2. **Model 10 Anomaly:** Model 10 is a critical outlier, causing a severe performance drop for both **MathVista** (to ~56%) and especially **AIME 2024** (to ~29%). This suggests this model has a specific weakness tested by these benchmarks at that point.
3. **Performance Volatility:** The **AIME 2024** and **MathVista** series are highly volatile, indicating that model performance on these benchmarks is not stable and can vary dramatically between consecutive model numbers.
4. **Late-Model Dominance:** Models numbered 14 and above generally show strong, high performance across most benchmarks where they are evaluated, particularly on the AIME series.

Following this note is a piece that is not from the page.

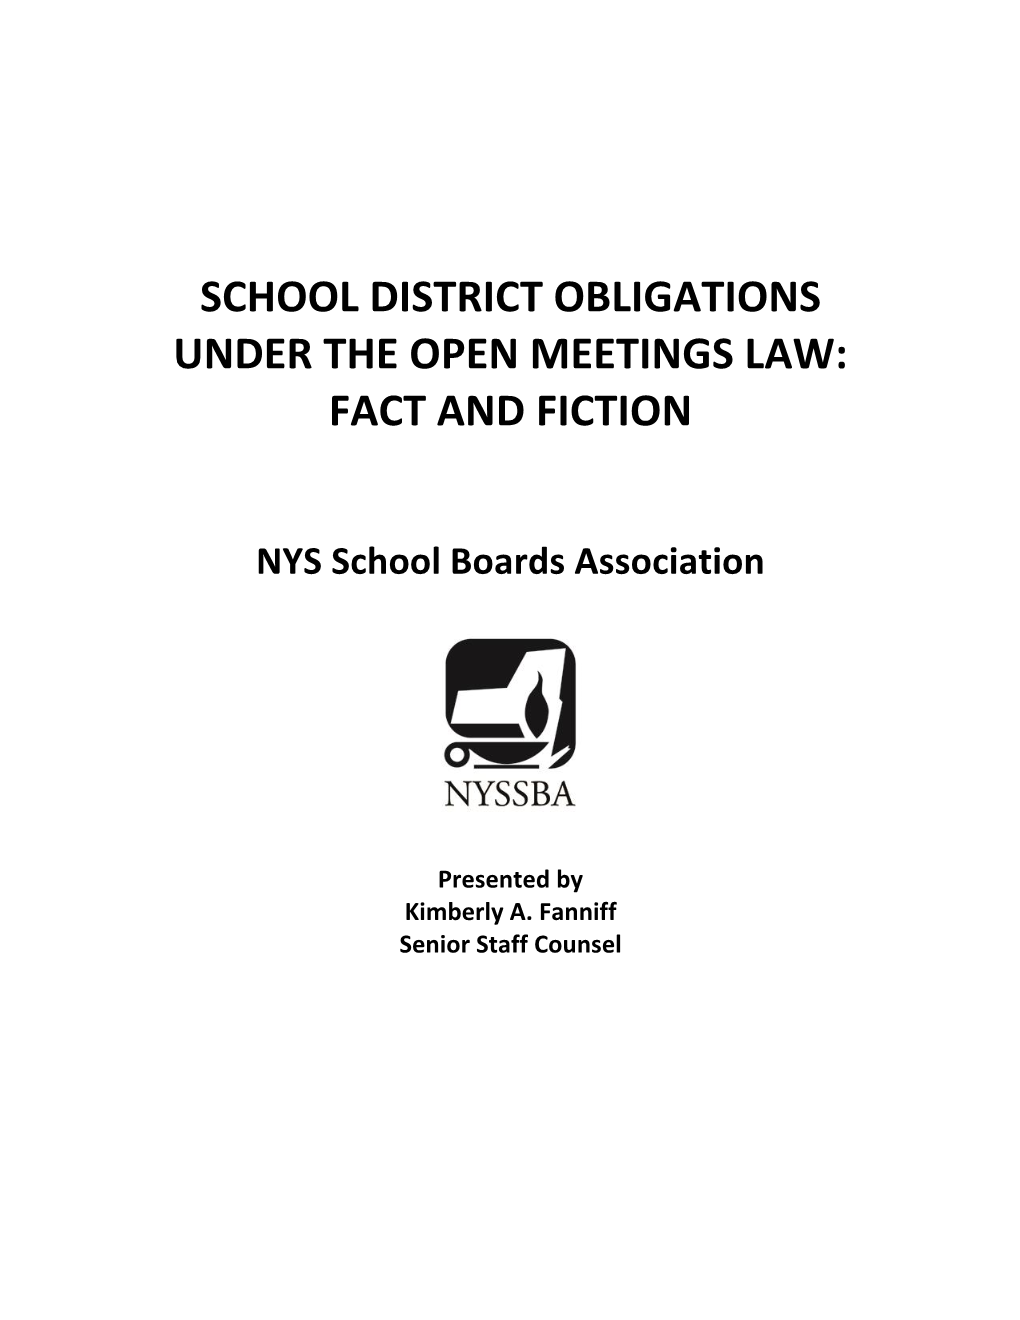 School District Obligations Under the Open Meetings Law: Fact and Fiction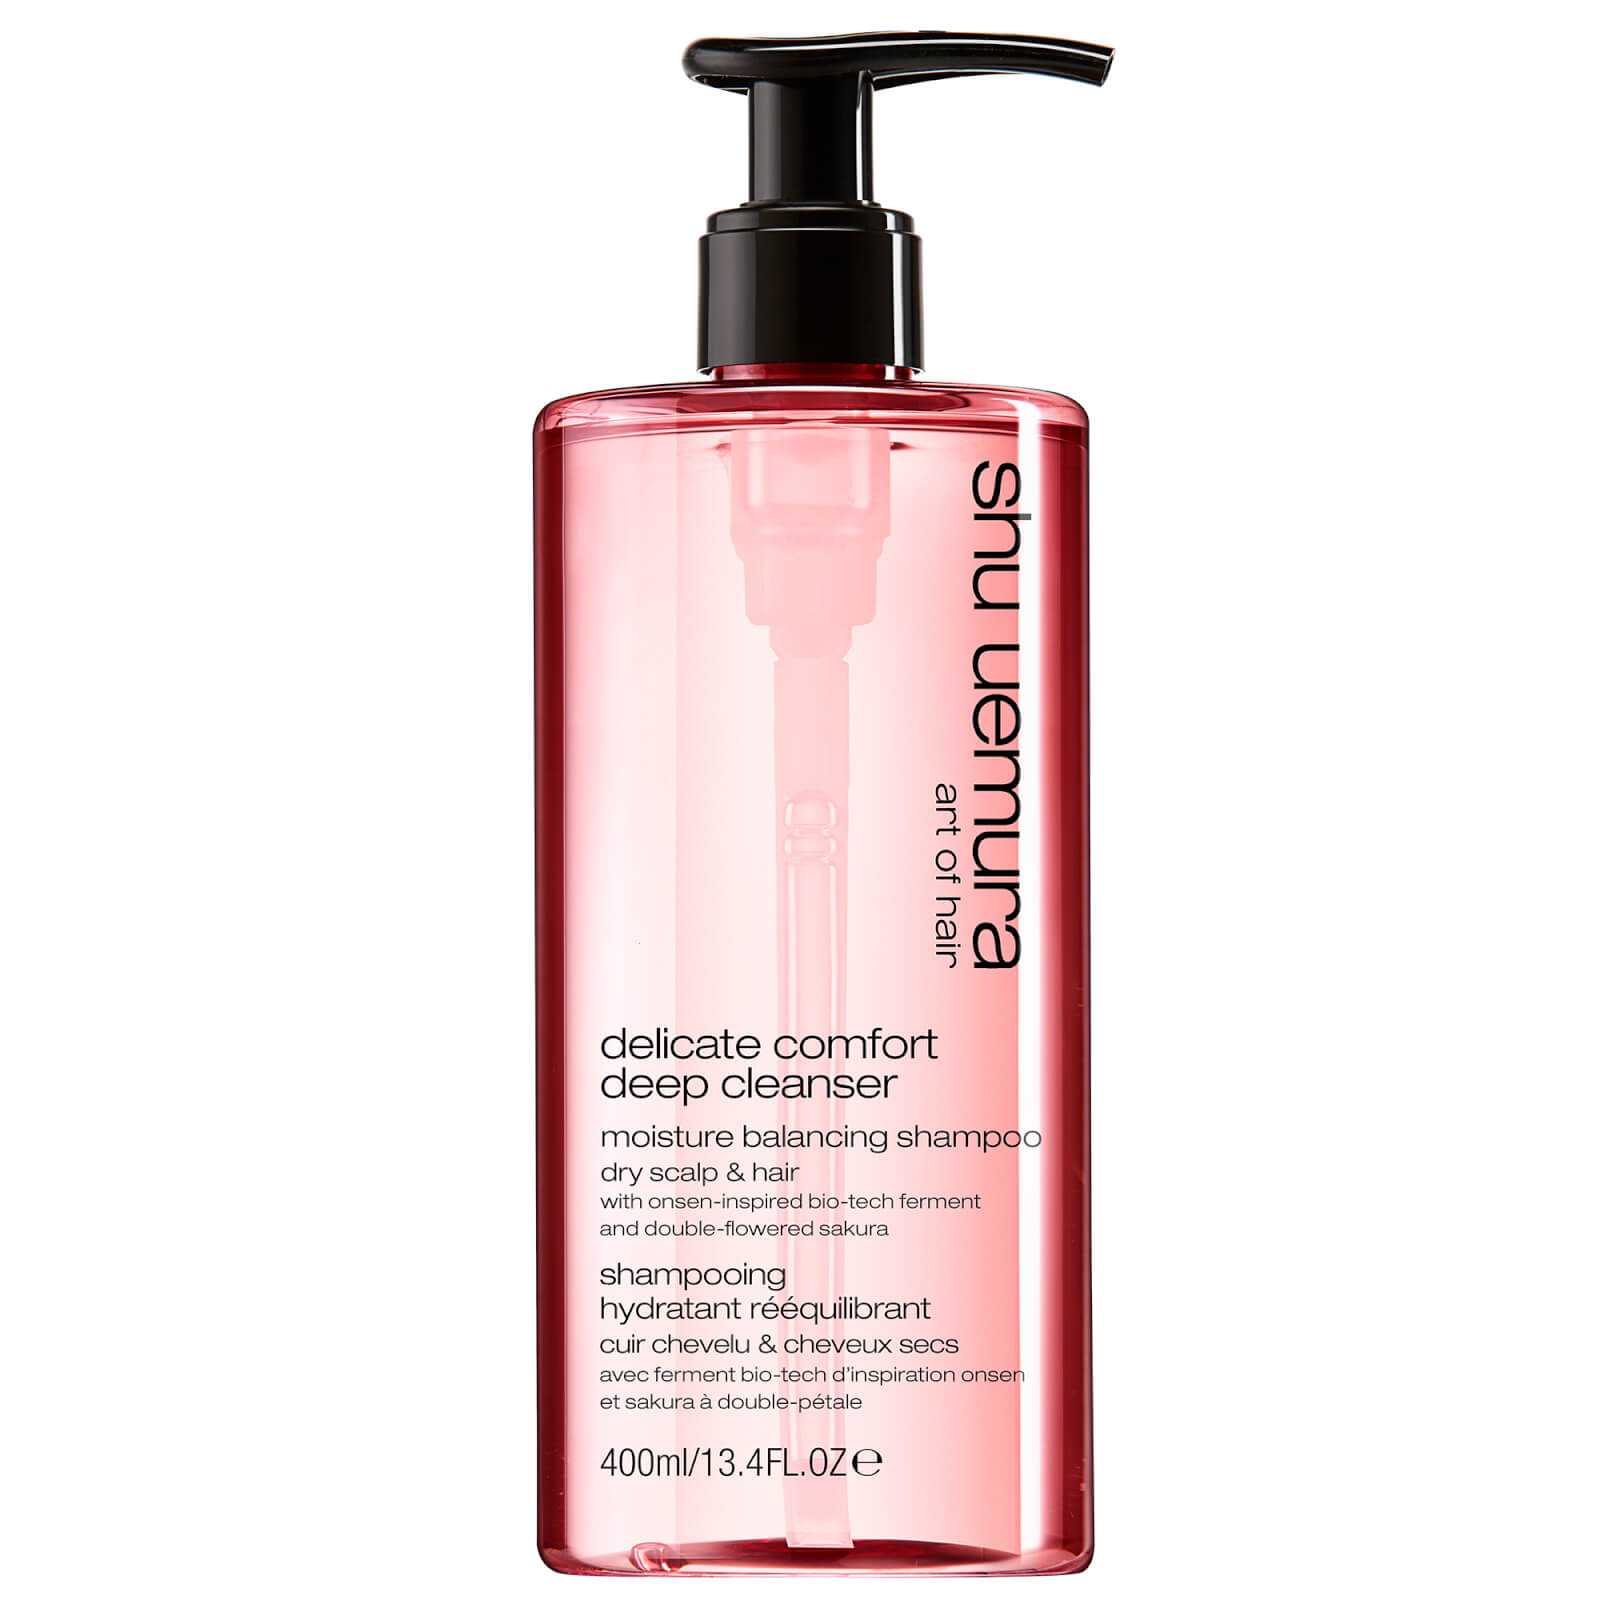 Photos - Facial / Body Cleansing Product Shu Uemura Art of Hair Delicate Comfort Cleansing Oil 400ml E3853200

5. **Benchmark-Specific Strengths:** No single model is plotted on all benchmarks. Models 1-5 are tested on MGSM/MATH; models 5-8 on MATH-500; models 3-16 on MathVista; models 4-18 on AIME 2024; models 8-22 on AIME 2025; and models 15-22 on FrontierMath. This suggests a possible evolution in benchmarking focus over successive model generations.
### Interpretation
This chart visualizes the progression and specialization of AI models in mathematical reasoning. The data suggests that as model numbers increase (likely representing newer or more advanced versions), performance on challenging competition-style math (AIME) improves dramatically, eventually reaching near-perfect scores on the 2025 version. However, this progress is not linear or universal.
The extreme volatility in series like **AIME 2024** indicates that improvements can be brittle; a model might excel at one set of problems but fail at a slightly different set presented in the next model iteration. The catastrophic drop at **Model 10** is a key investigative point—it may represent a model that was optimized for a different objective, had a training regression, or encountered a specific type of problem it was not equipped to handle.
The consistently low scores on **FrontierMath, Tier 1-3** highlight a persistent challenge. Even the most advanced models (20-22) only achieve scores in the 20-30% range, suggesting this benchmark tests a frontier of mathematical reasoning that remains largely unsolved by current AI. The chart ultimately tells a story of significant but uneven progress, where mastery of one domain (e.g., AIME) does not guarantee mastery of another (e.g., FrontierMath), and where model development involves both leaps forward and occasional, unexplained setbacks.